I’m mostly satisfied with it, except the `hash_grow` function which I find a bit complicated to understand. So I asked myself a few questions regarding this implementation:

1. Should I use `size_t` for my nodes array ? In my case this hash table will never contain a lot of entries, so I could have use a `uint32_t` because I don’t need the extra space on 64 bits architecture. In this case I can use the 32 bits implement of FNV1-a.

2. Is storing the result of the `hash_fnv1a` hash inside the `hash_node_t` is useful in order to avoid computing it again in `hash_grow` ? In this case I would just need to recompute the “modulo” because the key didn’t change.

3. I used linear probing to resolve collisions, it’s easier and I don’t think that for my use case it would make a big difference.

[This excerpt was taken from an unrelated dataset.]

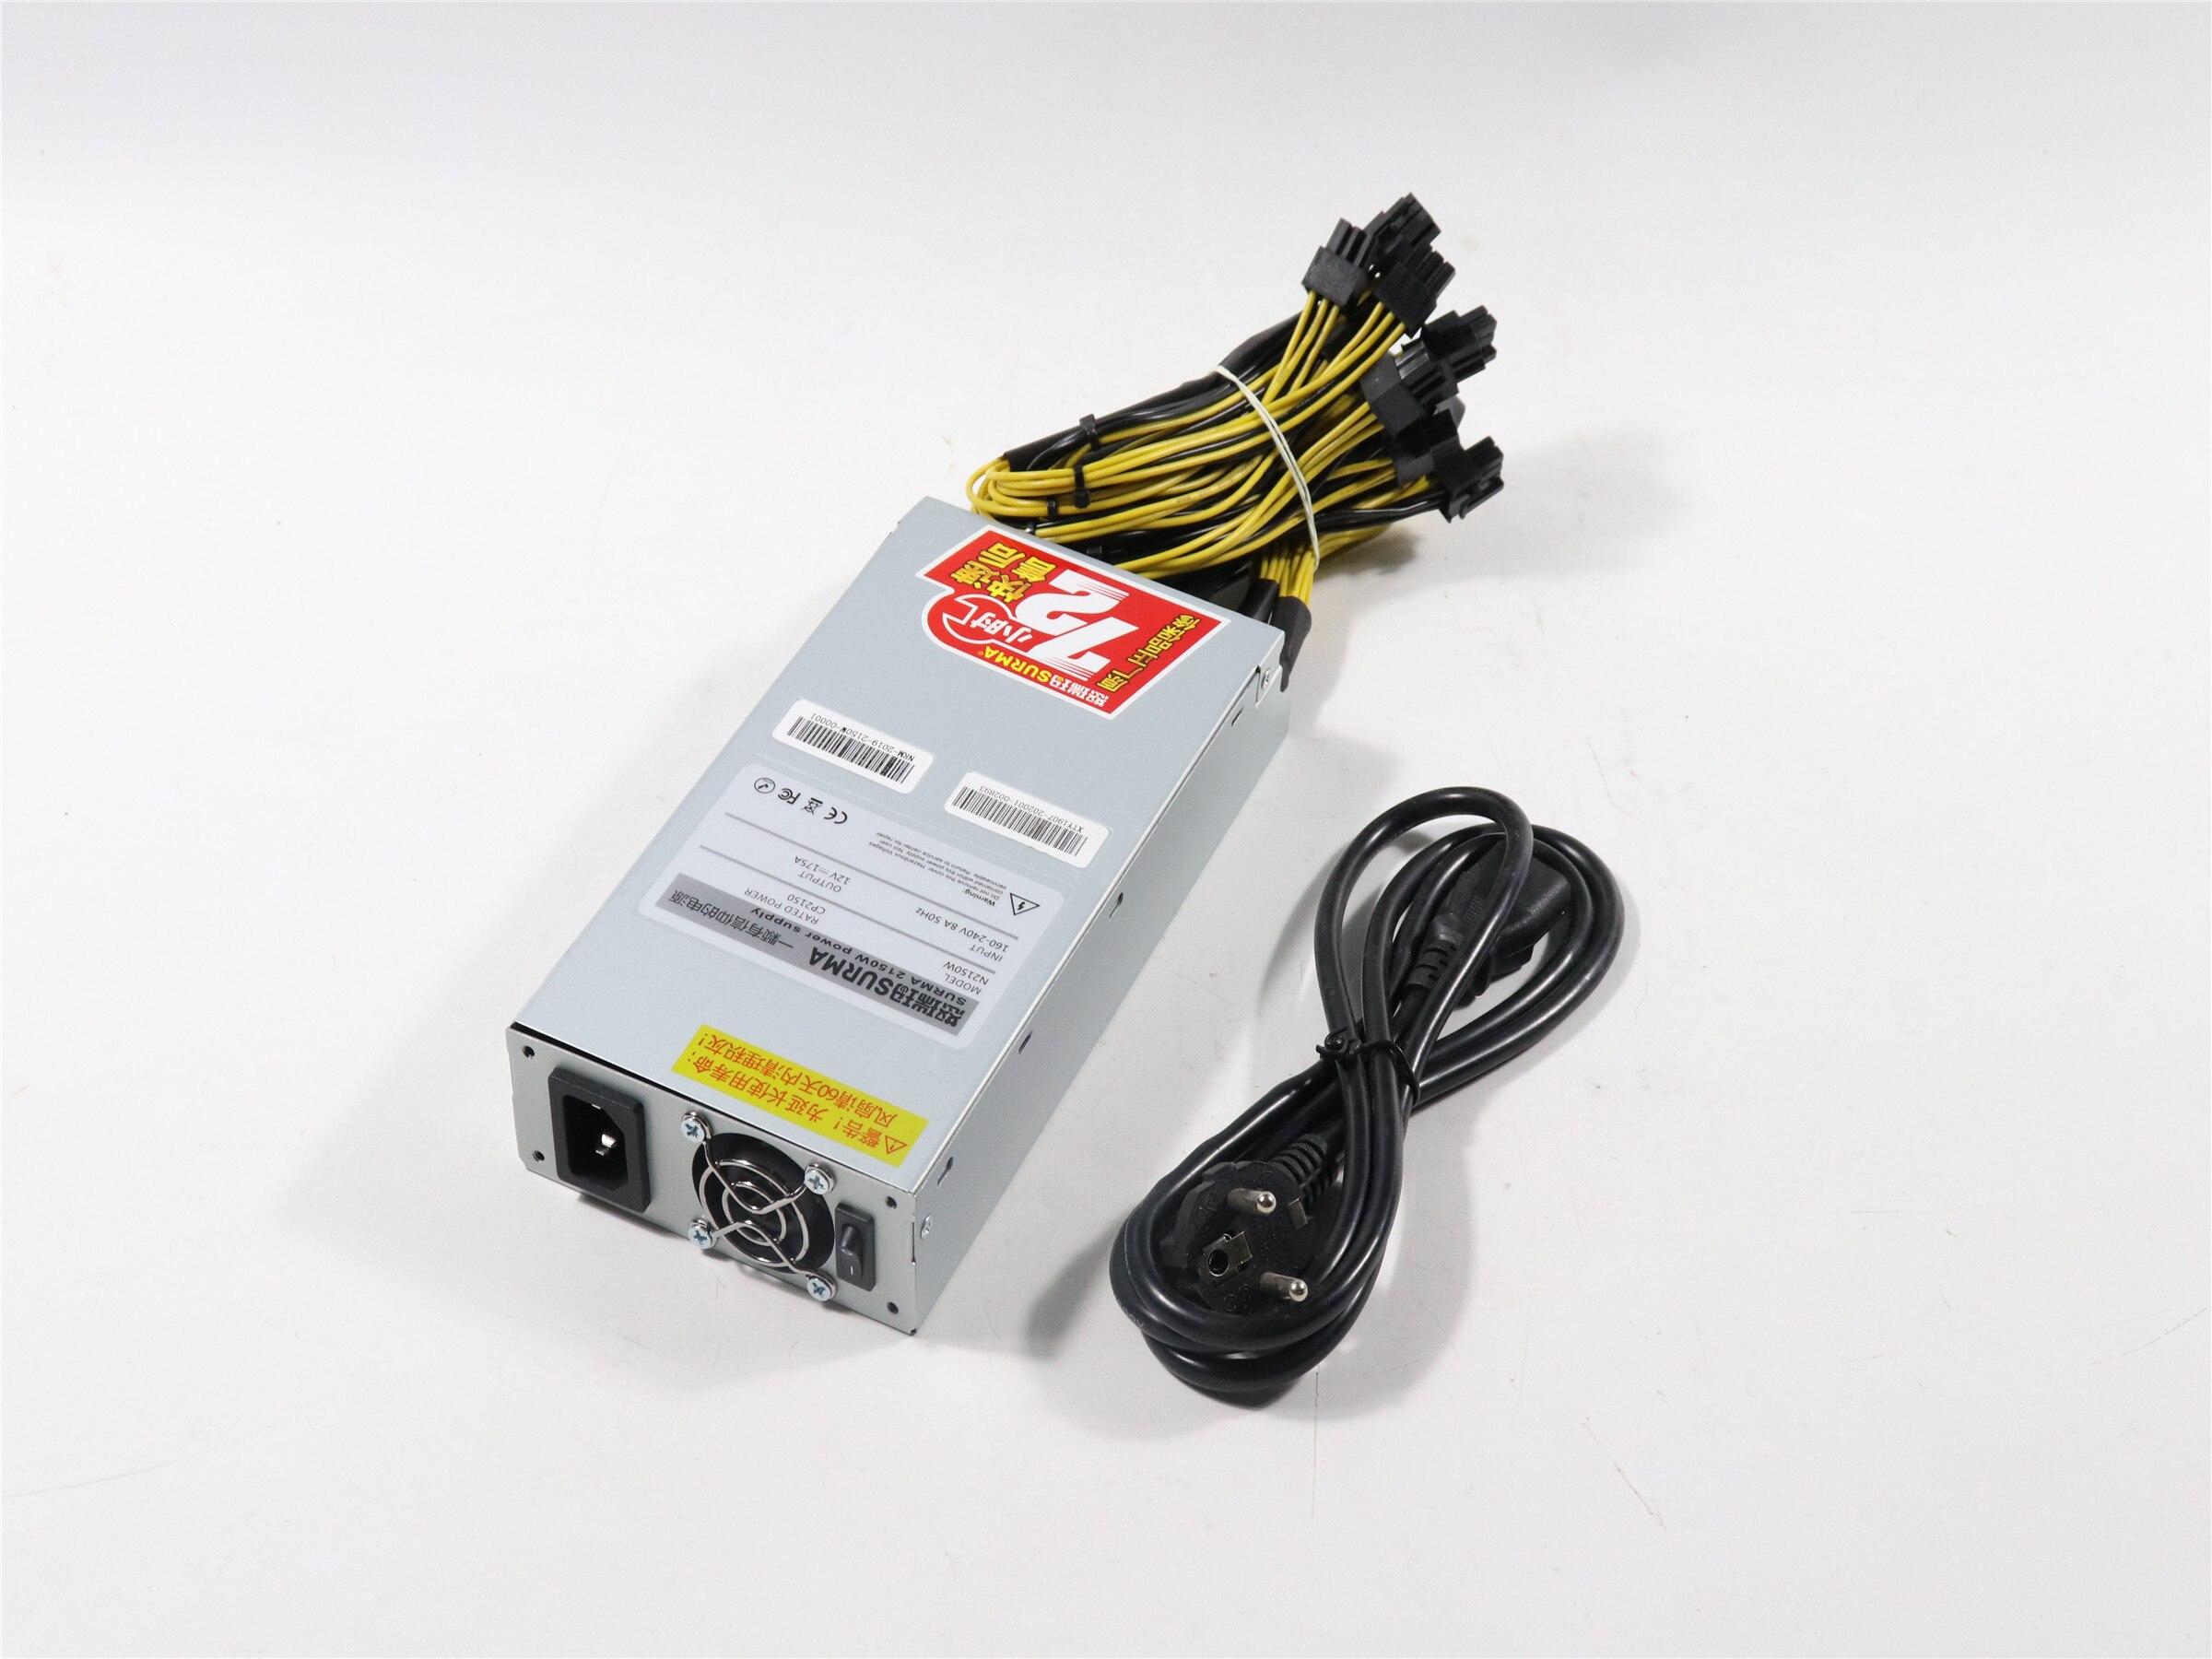 Nuovo ZEC BTC LTC DASH Minatore PSU 2150W di Potenza di Alimentazione Per Antminer S9 S9j S9k S9 SE L3 + e3 Z9 Z11 T9 Innosilicon A9 Ebit E9i ETH PSU

4. My structs are public because I have unit tests (with cmocka) and I need to check internal
states in my tests.

I’m a professional developer, but not in C. I do this just for fun, so please don’t be too rude with me. Thanks for your comments, I’m really excited to get a review.

Solution

Just a few points for now, I will extend my answer over the weekend:

1. I think you should think about the max size of your table anyway. I mean you can’t have 4 billion nodes in there.
2. This is connected to the size. If you only have to resize your table maybe once or twice, it’s probably not worth storing the hash value. It’s a trade off between speed and size.
3. I think keeping things simple is key
4. you could have a file hash_priv.h to keep the structure private.

Two more things:

• letting the user choose the table size doesn’t make sense. I would let your lib choose the table size because with the table size you can improve the collision rate. To reduce collision rate you want the table size to be a prime number. Maybe the user could give you a hint for the size and you choose the next higher prime number as the actual size.
• check the arguments for NULL in the public functions